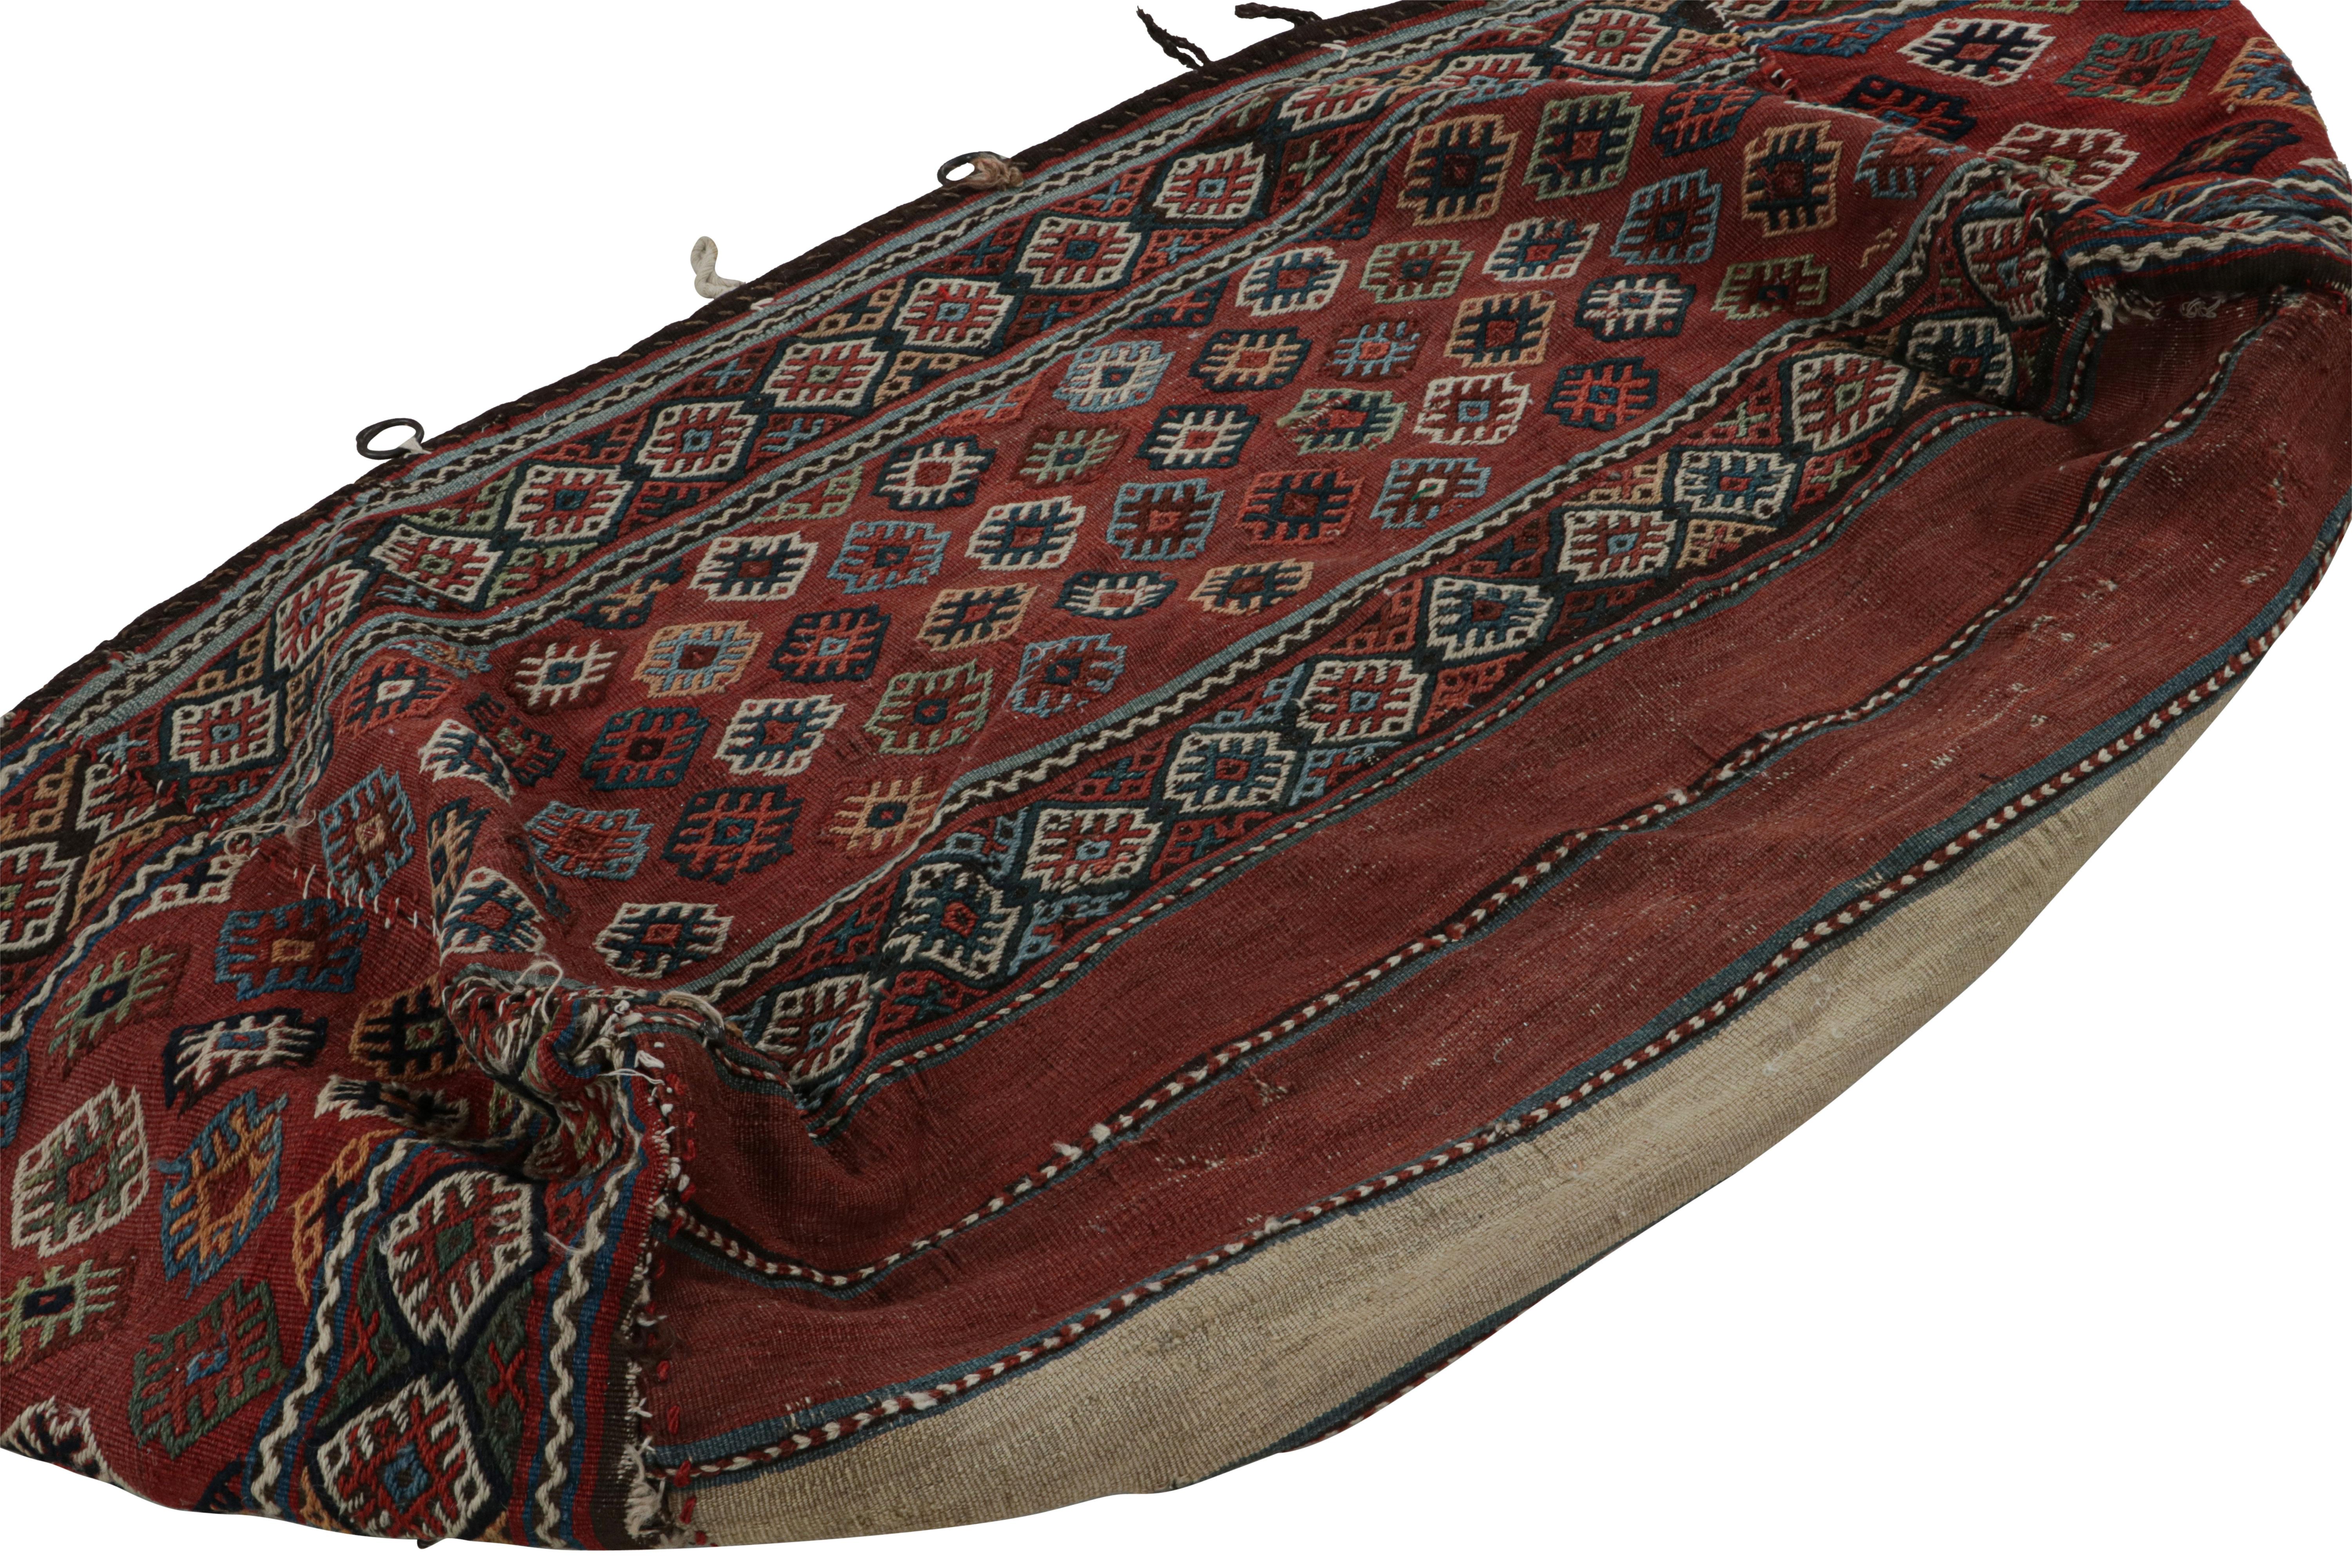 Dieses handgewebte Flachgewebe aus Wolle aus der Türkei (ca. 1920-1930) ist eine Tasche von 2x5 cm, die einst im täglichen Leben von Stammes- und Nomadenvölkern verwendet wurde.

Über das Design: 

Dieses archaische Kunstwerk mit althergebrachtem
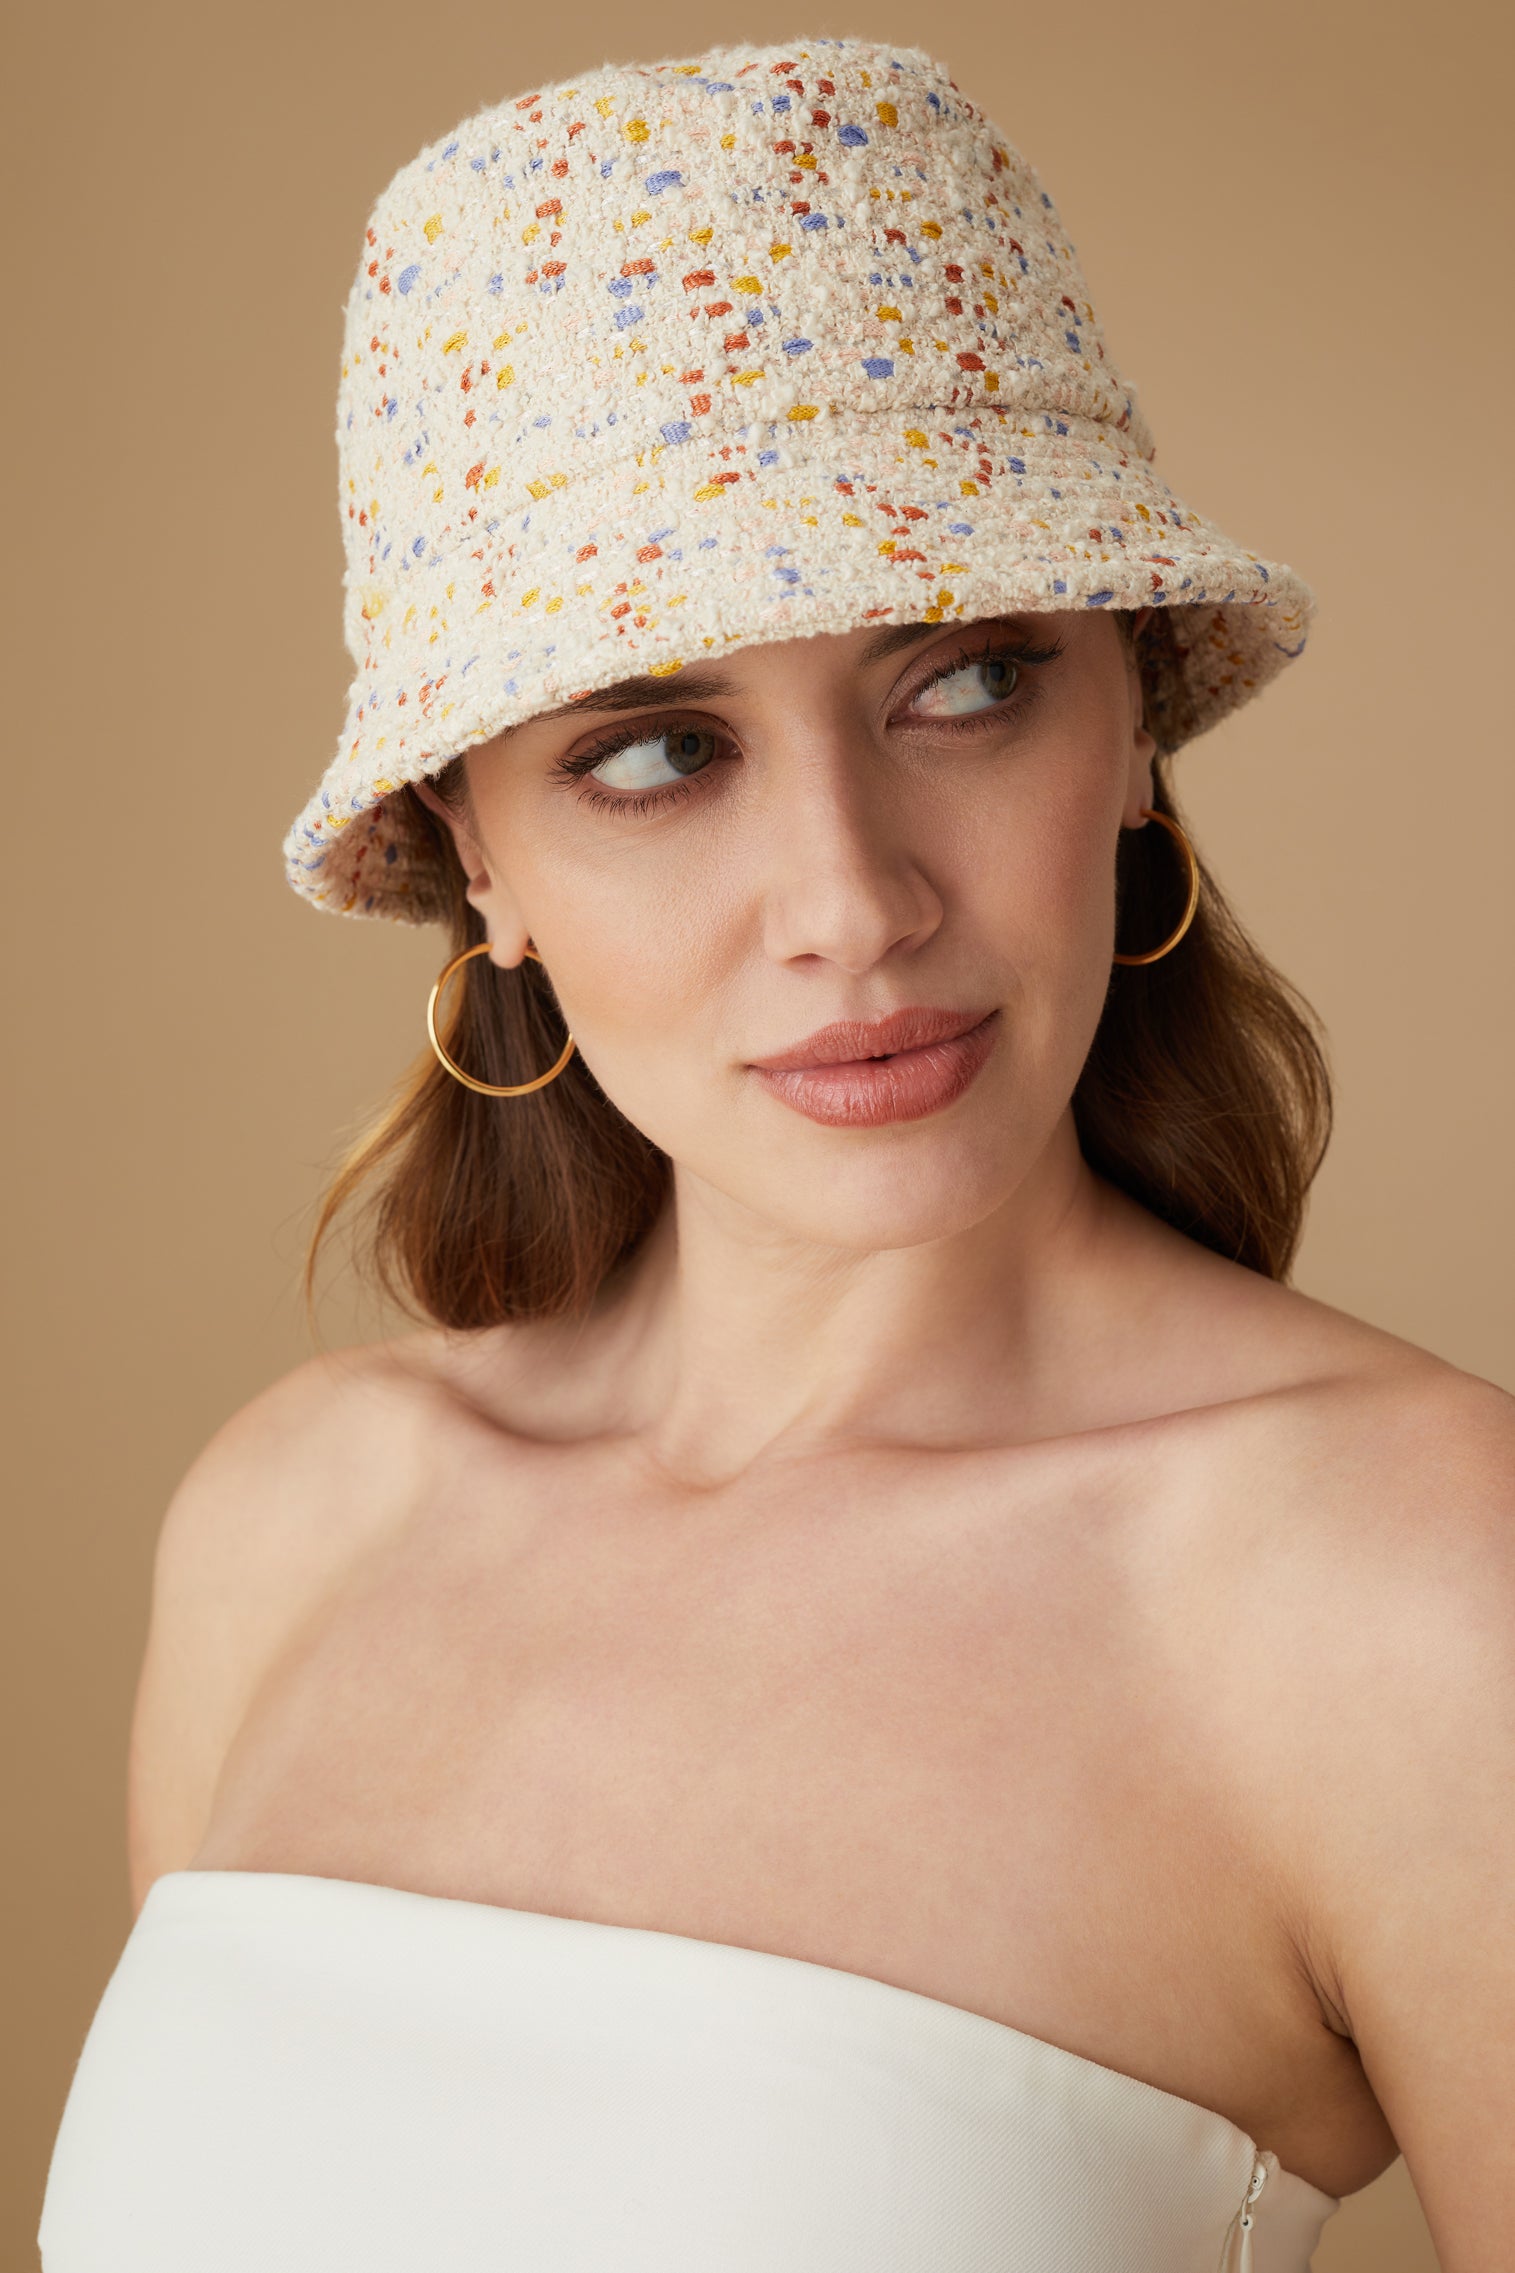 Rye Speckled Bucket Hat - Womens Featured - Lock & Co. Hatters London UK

What you have to do: What you return must match the data above exactly, with no images included.

Result for this task:
 Dieses handgewebte Flachgewebe aus Wolle aus der Türkei (ca. 1920-1930) ist eine Tasche von 2x5 cm, die einst im täglichen Leben von Stammes- und Nomadenvölkern verwendet wurde.

Über das Design: 

Dieses archaische Kunstwerk mit althergebrachtem
 Rye Speckled Bucket Hat - Womens Featured - Lock & Co. Hatters London UK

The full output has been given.